Cybersecurity threats have risen to the top of the nation’s national security concerns, according to U.S. Director of National Intelligence Daniel Coats, who spoke at the Billington CyberSecurity Summit on Sept. 13.
“What keeps me up at night now is the wide diversity of threats that we have from all across the world, including the ever-expanding list of cyber threats,” Coats said. “It’s clear that cybersecurity has become one of the most important priorities for the director of national intelligence and the intelligence community. Among the many threats that we discuss on an almost daily basis, cyber threats have risen to almost the top for a couple reasons.”
Coats explained that the reason for this rise is that cyber adversaries are becoming increasingly assertive and capable, theft and espionage attacks could cause major damage to networks, adversaries are targeting the integrity of U.S. data, and threat actors can use the Internet as an “echo chamber” to enforce false beliefs through repetition.
“All these types of cyber operations have the power to erode public trust and confidence in our information, services, and institutions,” said Coats. “Russia has clearly assumed an even more aggressive cyber posture by increasing cyber espionage operations, leaking data stolen from these operations. China continues to conduct cyber espionage against the U.S. government, our allies, and U.S. companies. Iran and North Korea are improving their capabilities to launch destructive cyberattacks to support their political objectives. And nonstate actors, notably terrorist groups like ISIS, are using the Internet to organize, to recruit, spread propaganda, raise funds, collect intelligence, inspire action, and coordinate operations.”
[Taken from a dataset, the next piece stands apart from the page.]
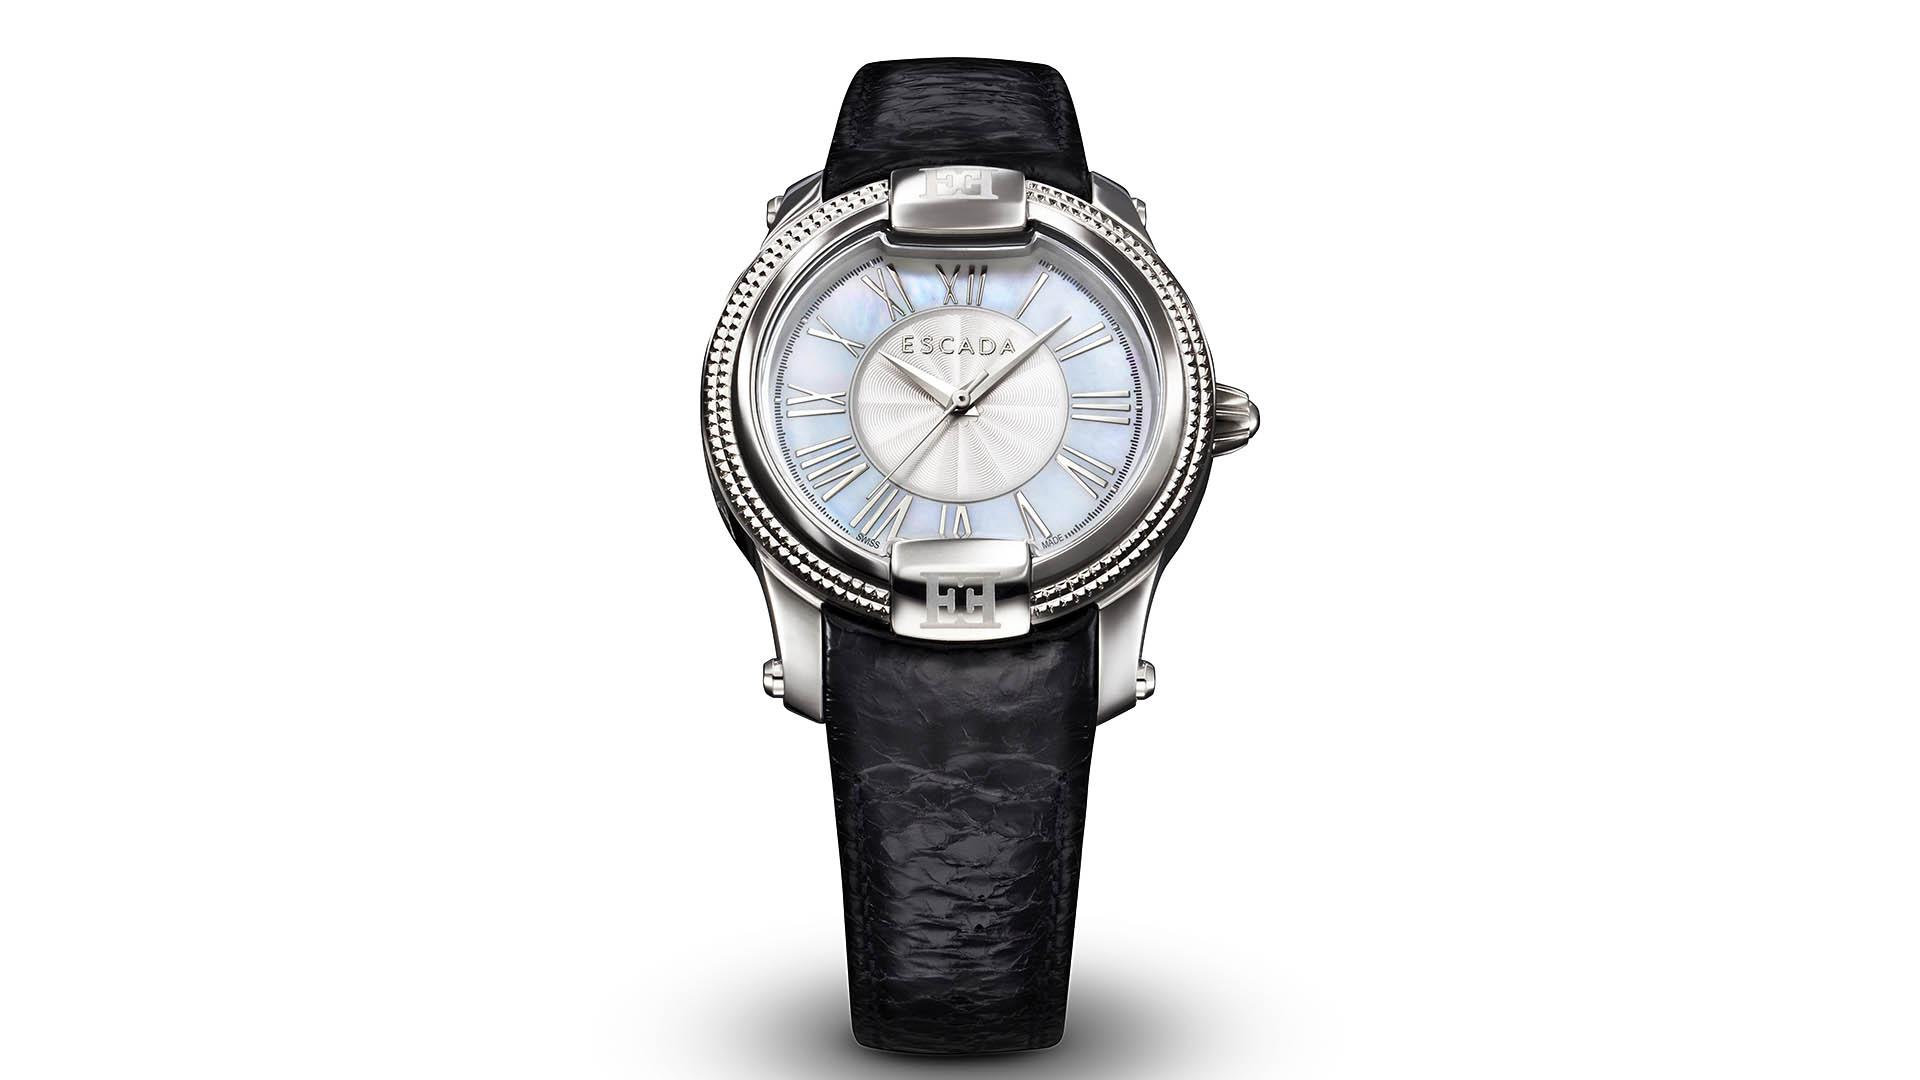 Imagephoto for Escada watches. Watchphoto taken for salesfolder. Watch photographer Christian Eppelt copyright 2015

Coats said that the intelligence community (IC) has the advantage of knowing about the details of threats and the actors behind them, but cannot force the rest of the government or industry to respond to them. Therefore, he added, it is important to improve relationships and information sharing practices among the three groups.
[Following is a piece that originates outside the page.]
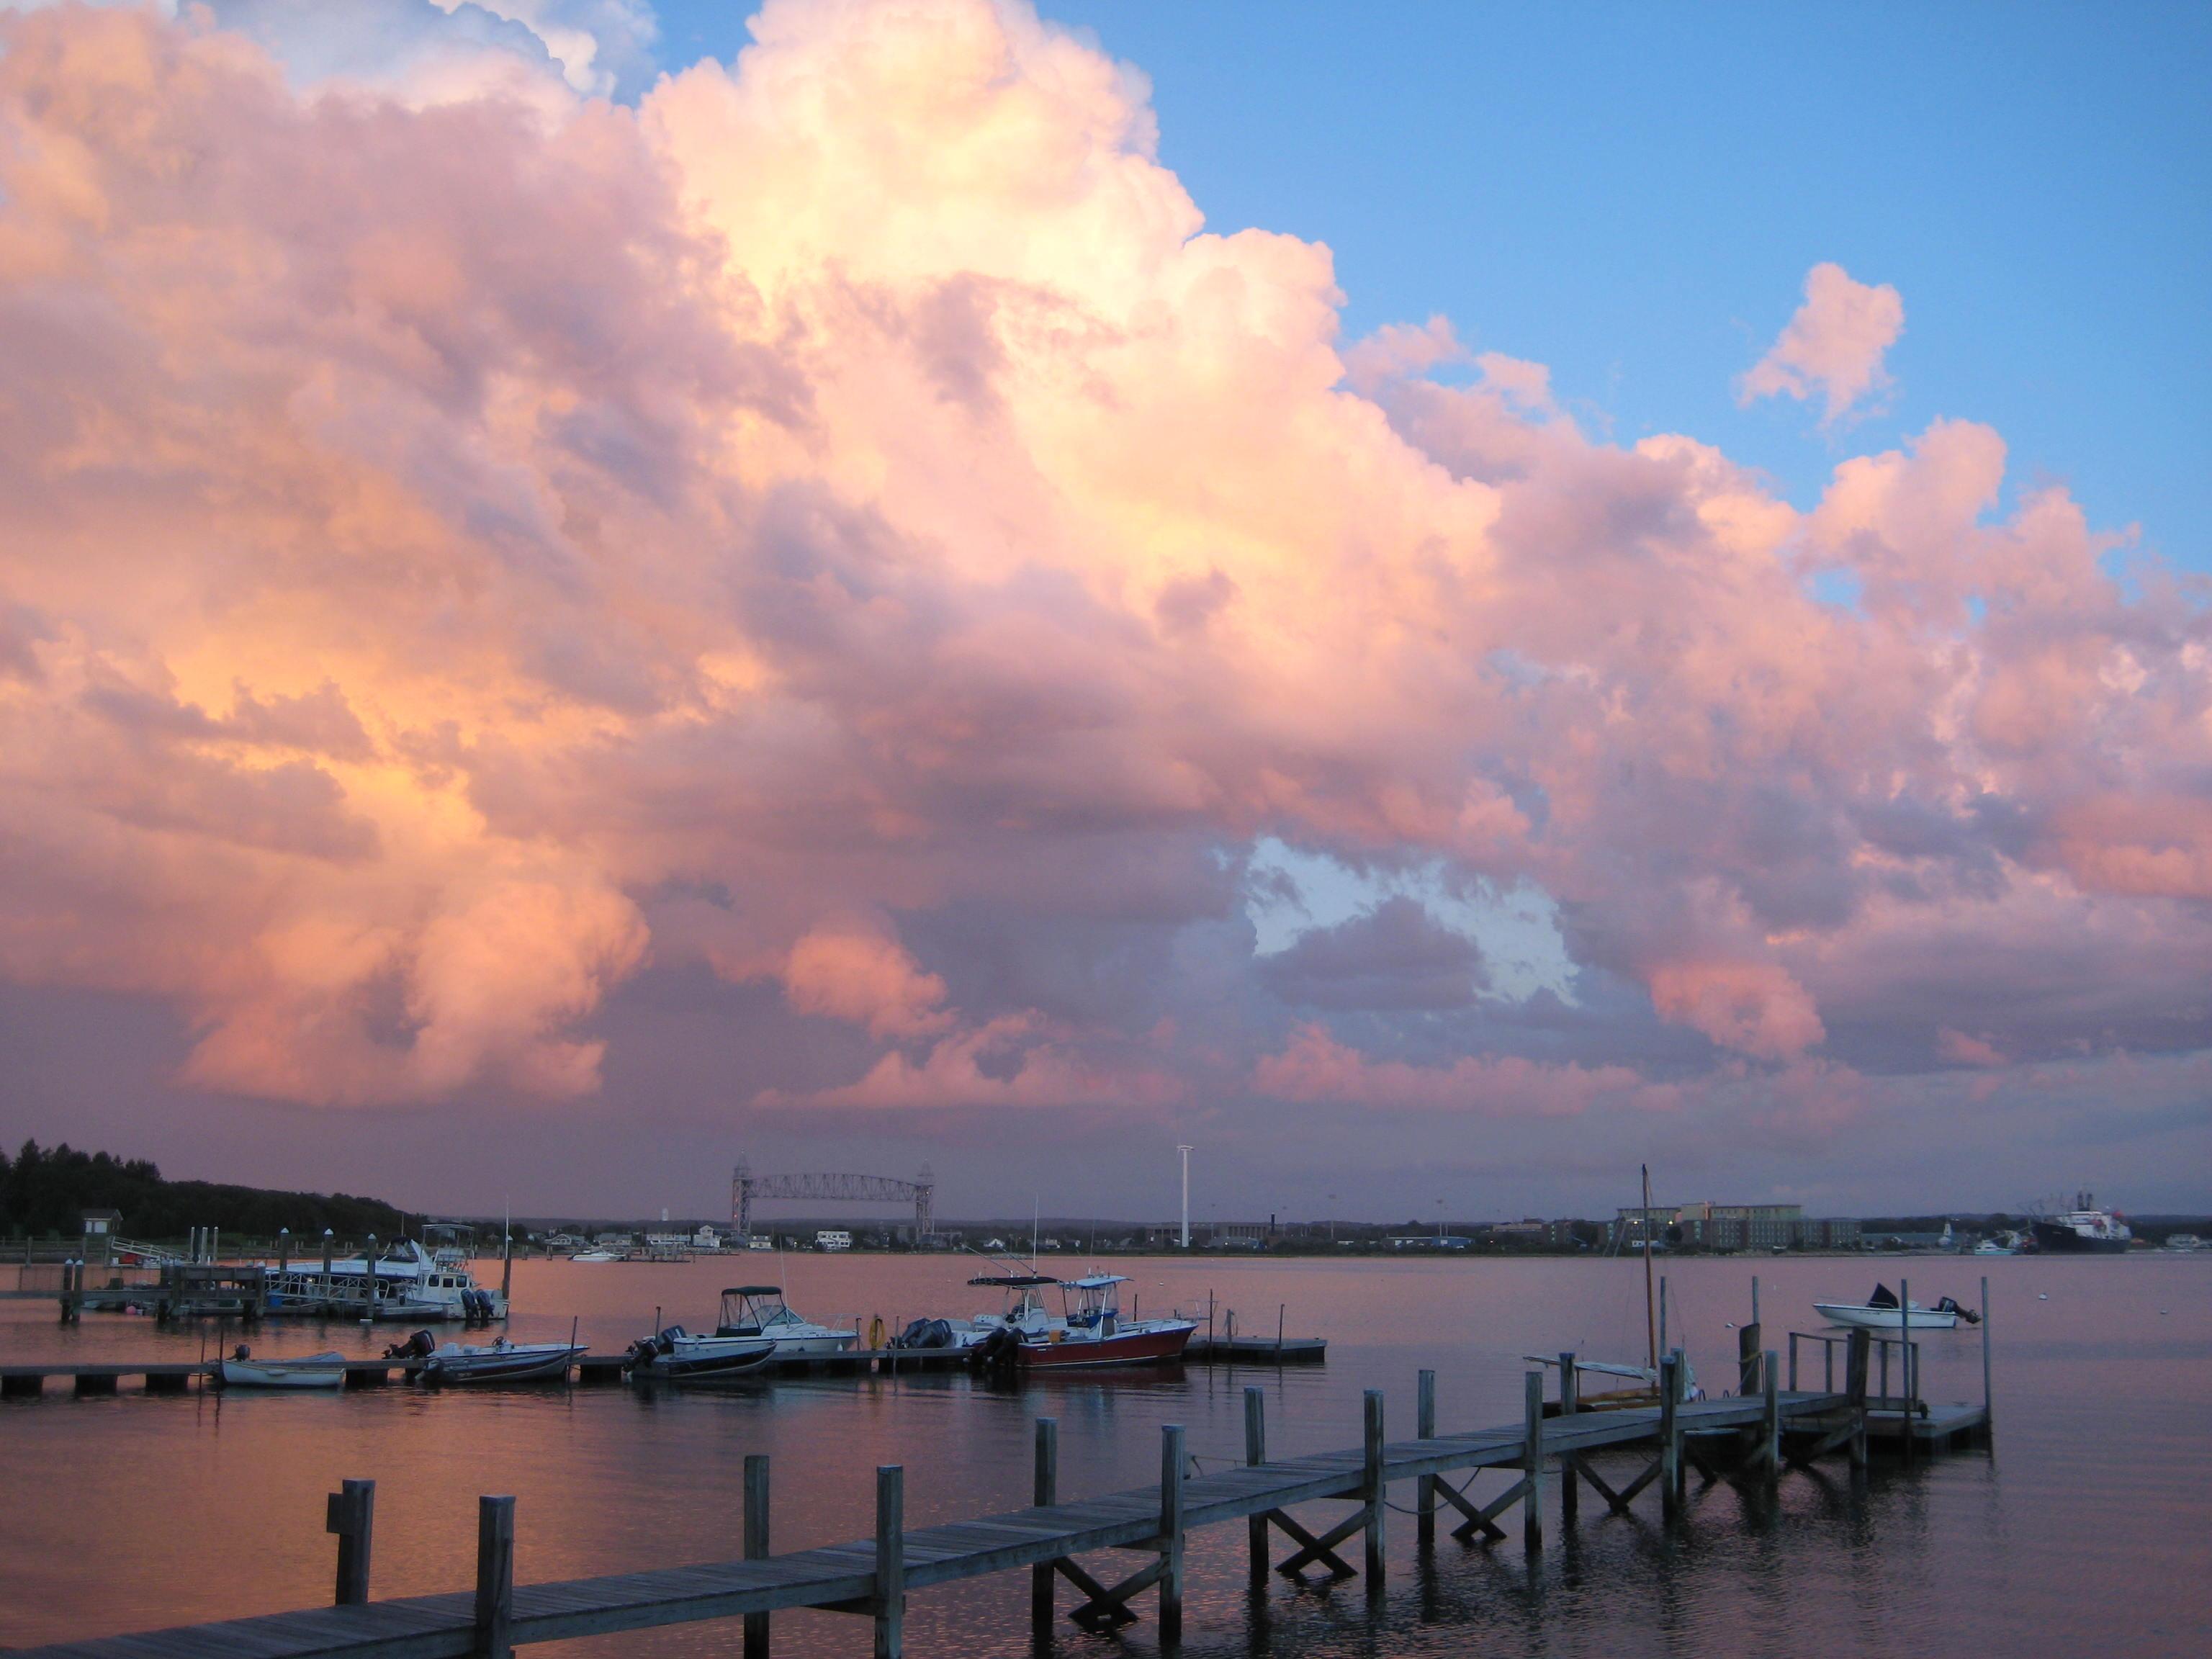 Cape Cod: Cotton Candy Clouds

“The first recommendation that I want to make is that we must improve information sharing between the government and the private sector,” said Coats. “The intelligence community has a key role in identifying the threats. In other words, we must explain not only what we see and what it means, but also what can be done about it from a security perspective.”
A core problem with current information sharing, according to Coats, is the diversity of methods for sharing threat data, making the whole system more unwieldy than it needs to be.
“The good news here is that the private sector is increasingly focusing on cyber intelligence and increasingly understanding the need for interconnectedness and the sharing of information,” said Coats. “The not-so-good news is that collaboration within the government and the private sector on cyber threat intelligence is growing unnecessarily complex, because we each do it in different ways, for different purposes, and describe them differently to each other. In the intelligence community, we’ve learned that the application of a common approach and shared vocabulary can help more accurately and timely sharing information with policymakers and cyber experts.”
The IC has its own model for information sharing, which is not proprietary or secret, and Coats recommended that industry take a look at whether it could be applicable to their cyber operations.
“We’re not saying our approach is perfect or a one-size-fits-all, but the use of a common, structured, hierarchical approach will help the government and the private sector communicate and share data,” said Coats. “My second recommendation is that in the long term, government and private industry need to work collaboratively to design future products with security in mind.”
Coats also hit back at rumors that the IC was not working well with the current administration, saying that the president often holds intelligence briefings longer than scheduled to get a deeper understanding of the threats identified by the IC.
“I’m in the Oval Office nearly every day,” Coats said, “and I know for a fact that the president and his national security team appreciate the work of the intelligence community.”